Copy exactly the lines of the data below, beginning with the line with "Netherlandsnorth hollandmarken june2016" and ending with the line with "Paesaggi-Italia - DSC". Pictures are to be omitted.

- Information provided:
▽

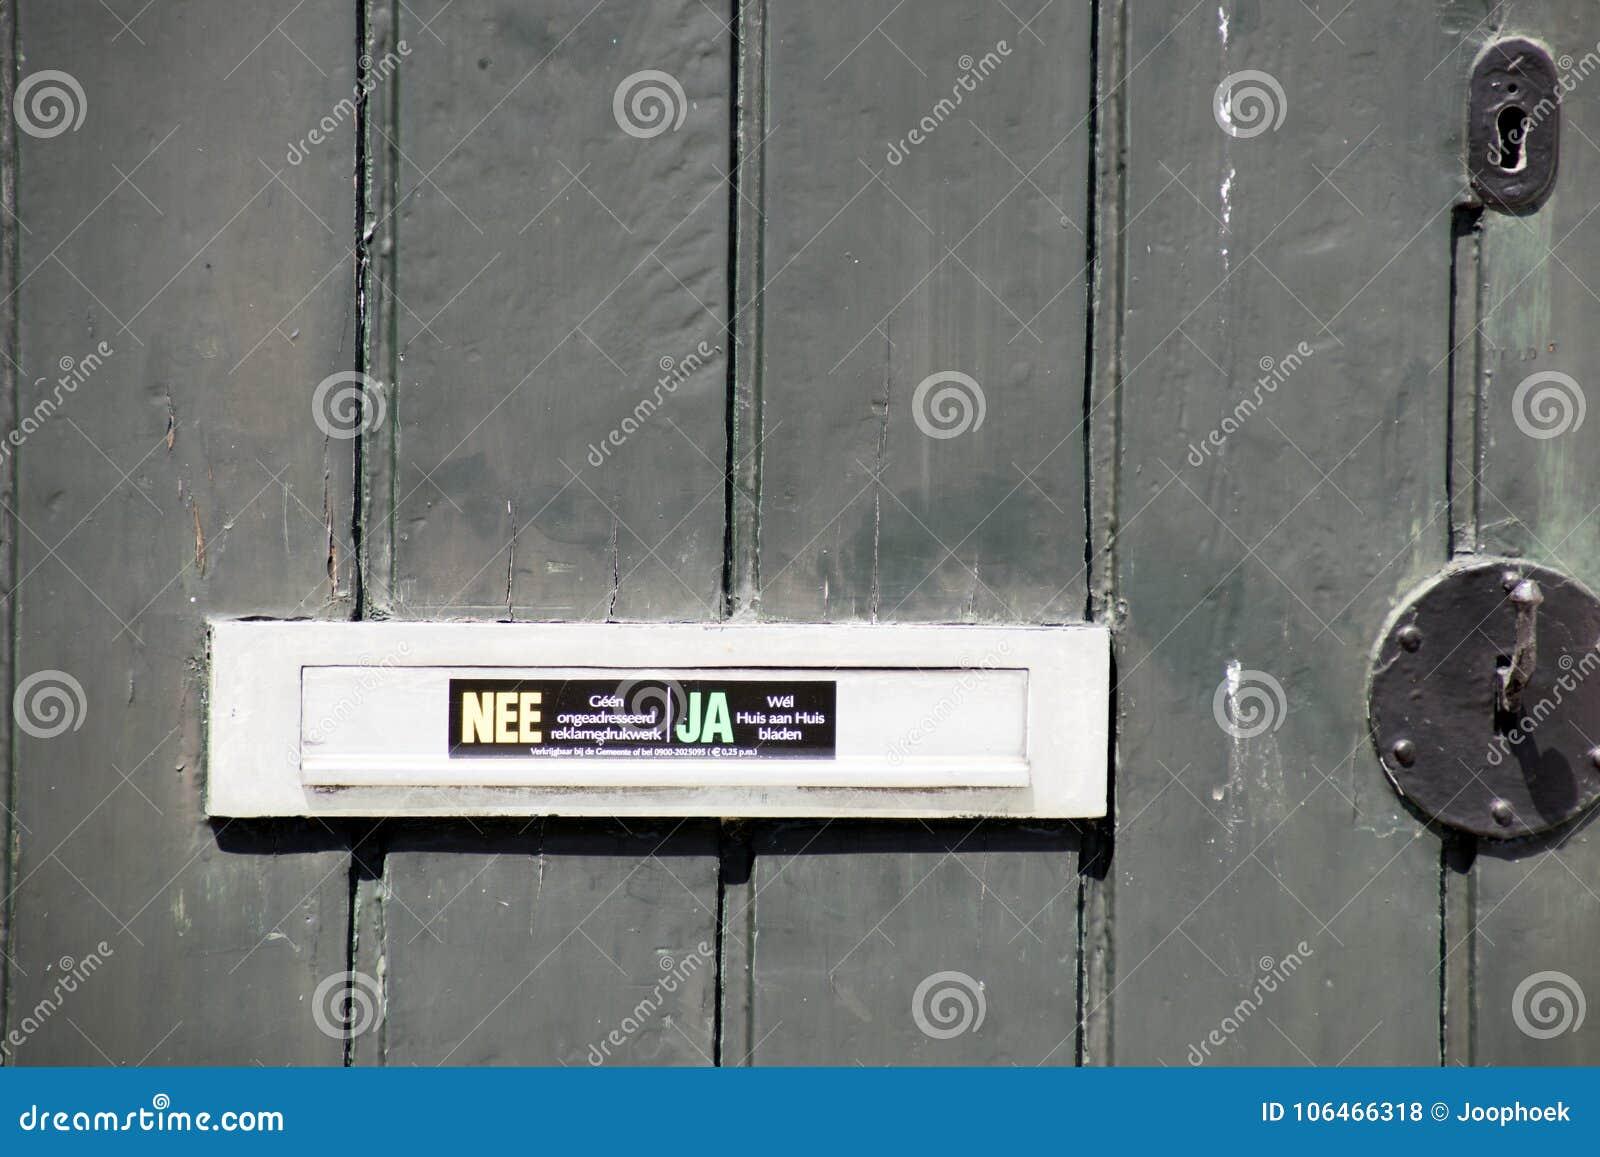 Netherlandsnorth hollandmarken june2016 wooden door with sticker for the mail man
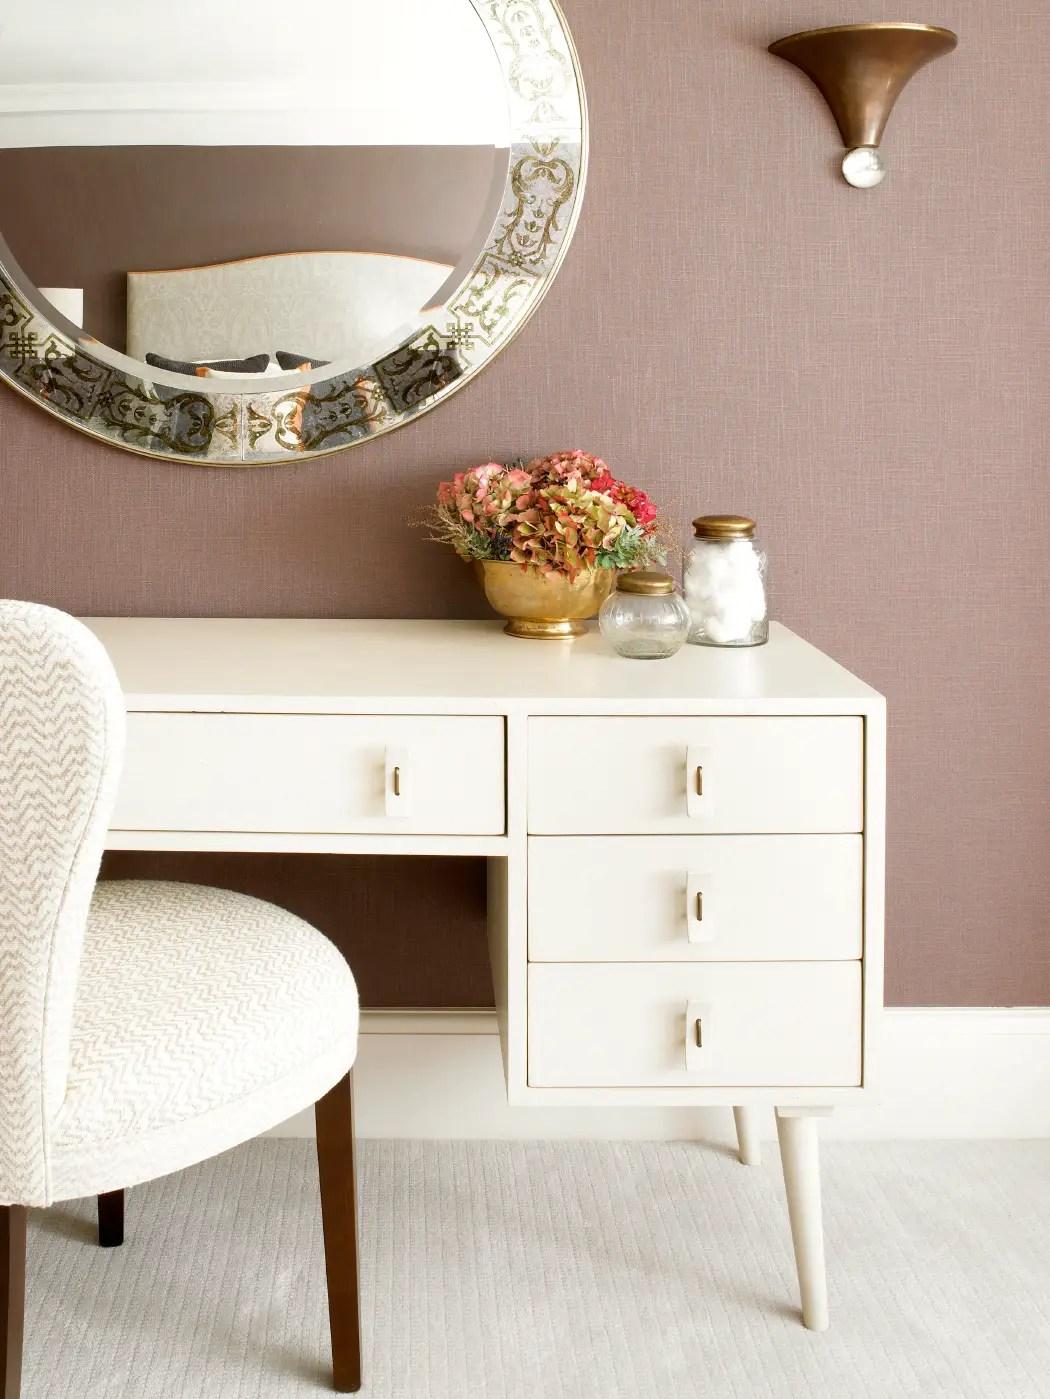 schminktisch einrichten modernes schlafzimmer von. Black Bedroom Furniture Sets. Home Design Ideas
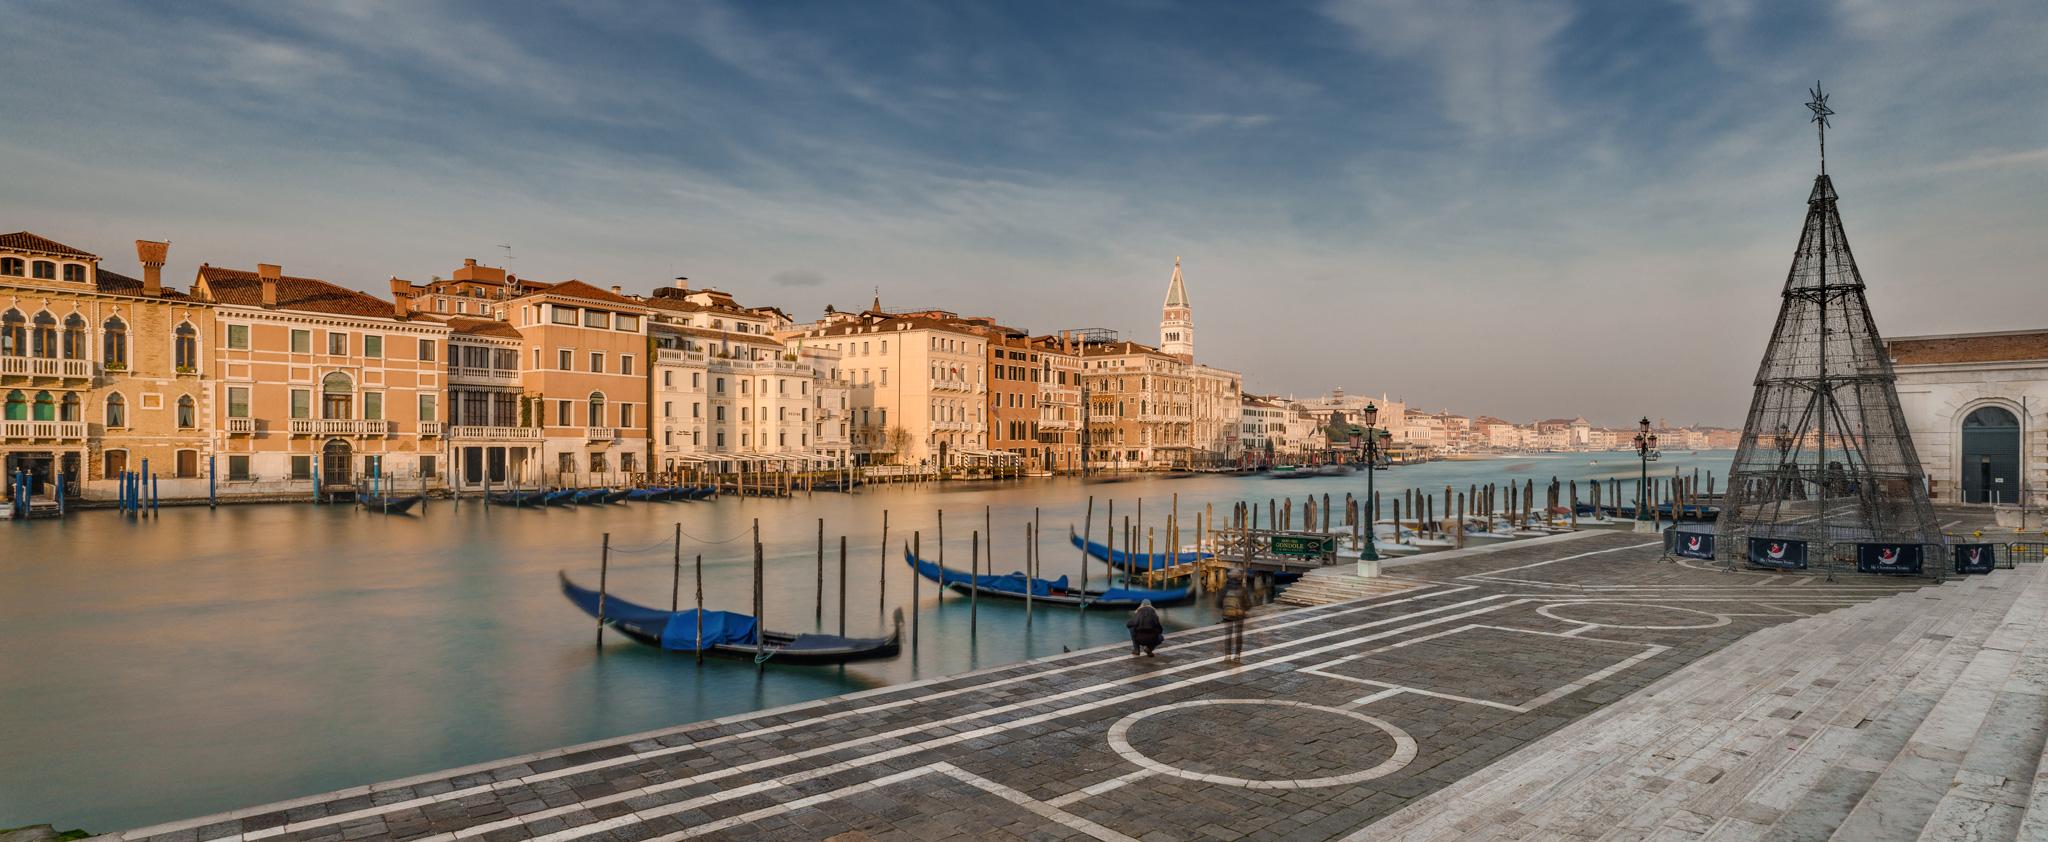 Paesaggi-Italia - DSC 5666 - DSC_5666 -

△
▽

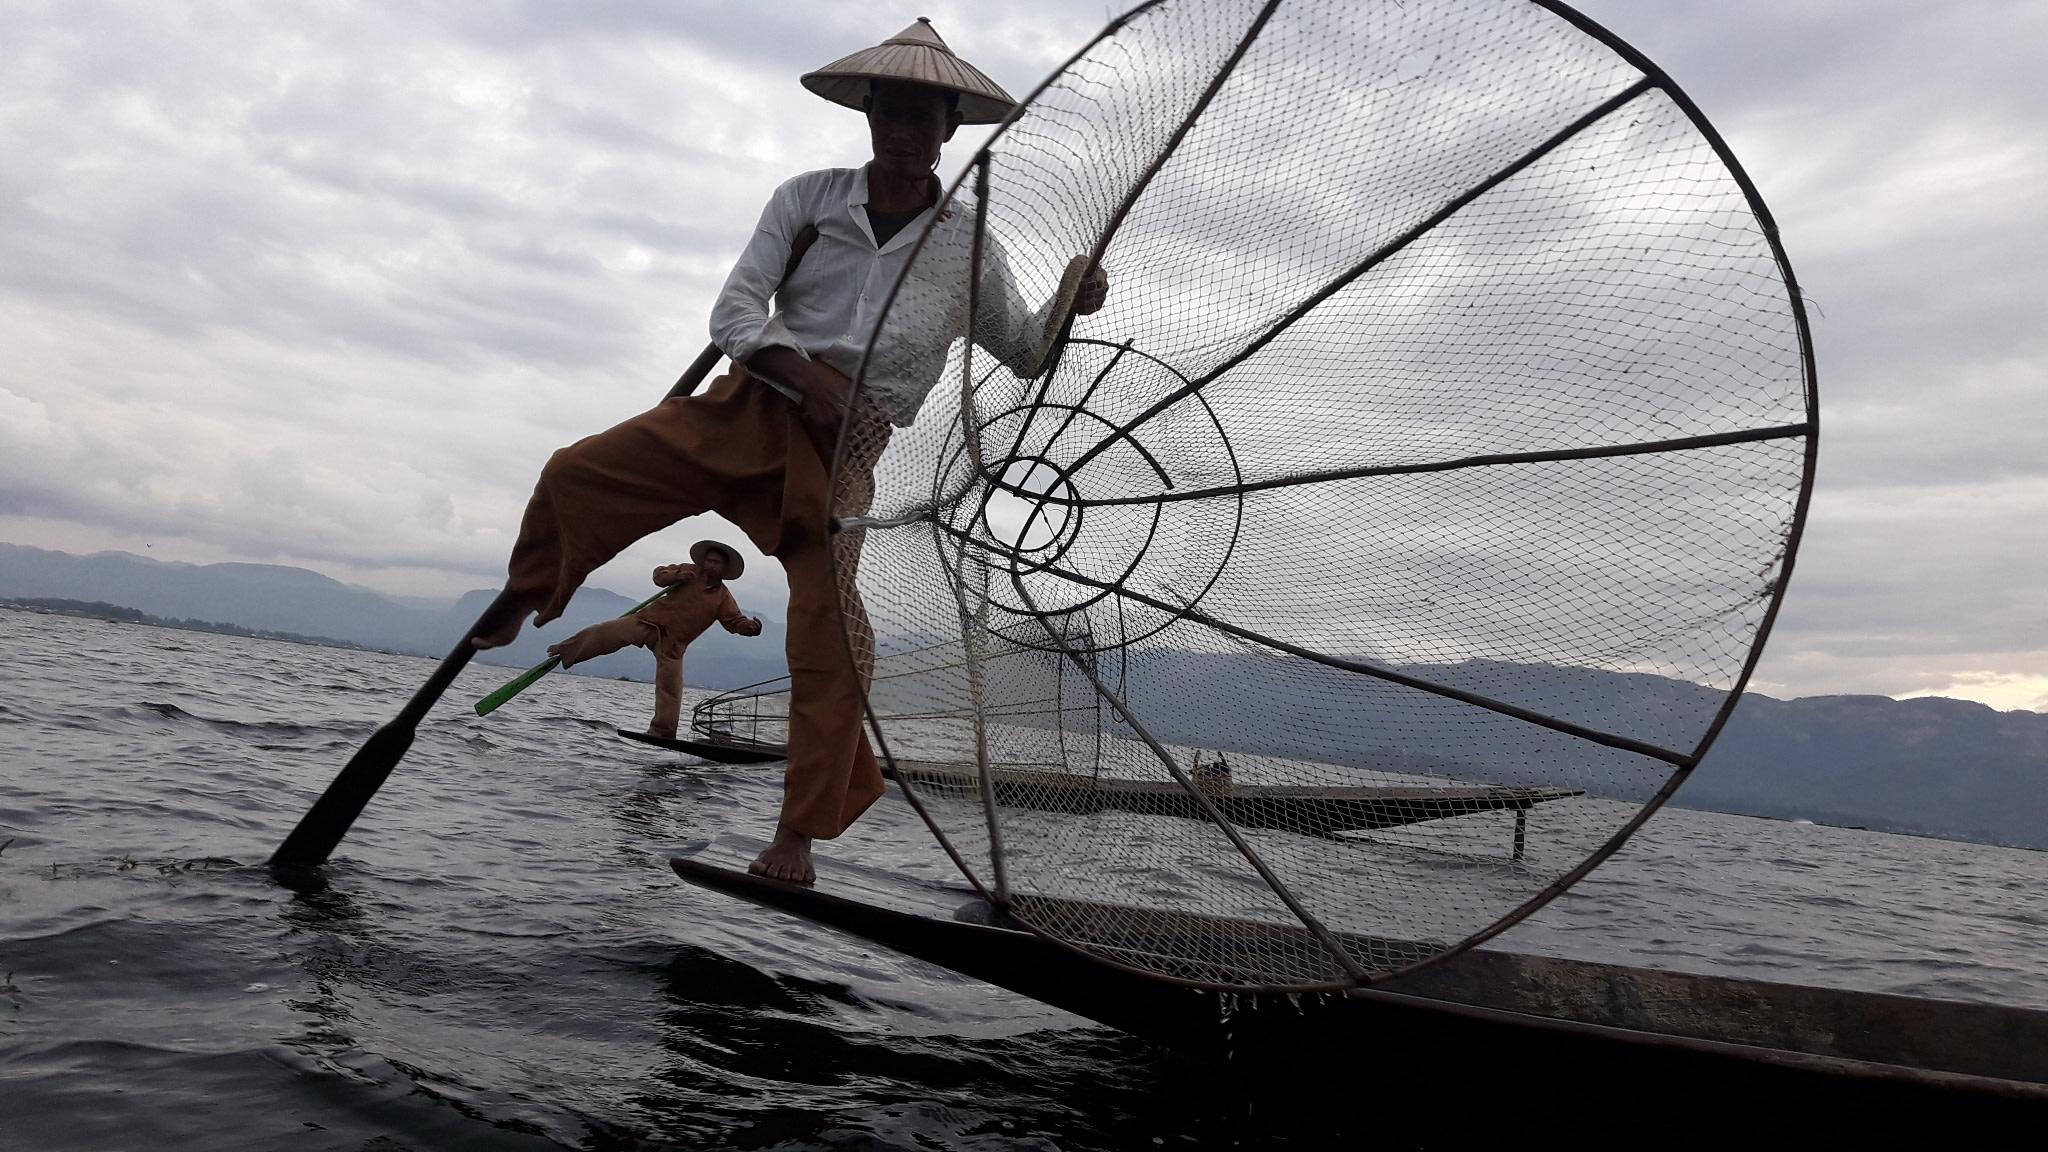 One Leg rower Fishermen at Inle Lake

△

- Task result:
 Netherlandsnorth hollandmarken june2016 wooden door with sticker for the mail man
 schminktisch einrichten modernes schlafzimmer von. Black Bedroom Furniture Sets. Home Design Ideas
 Paesaggi-Italia - DSC 5666 - DSC_5666 -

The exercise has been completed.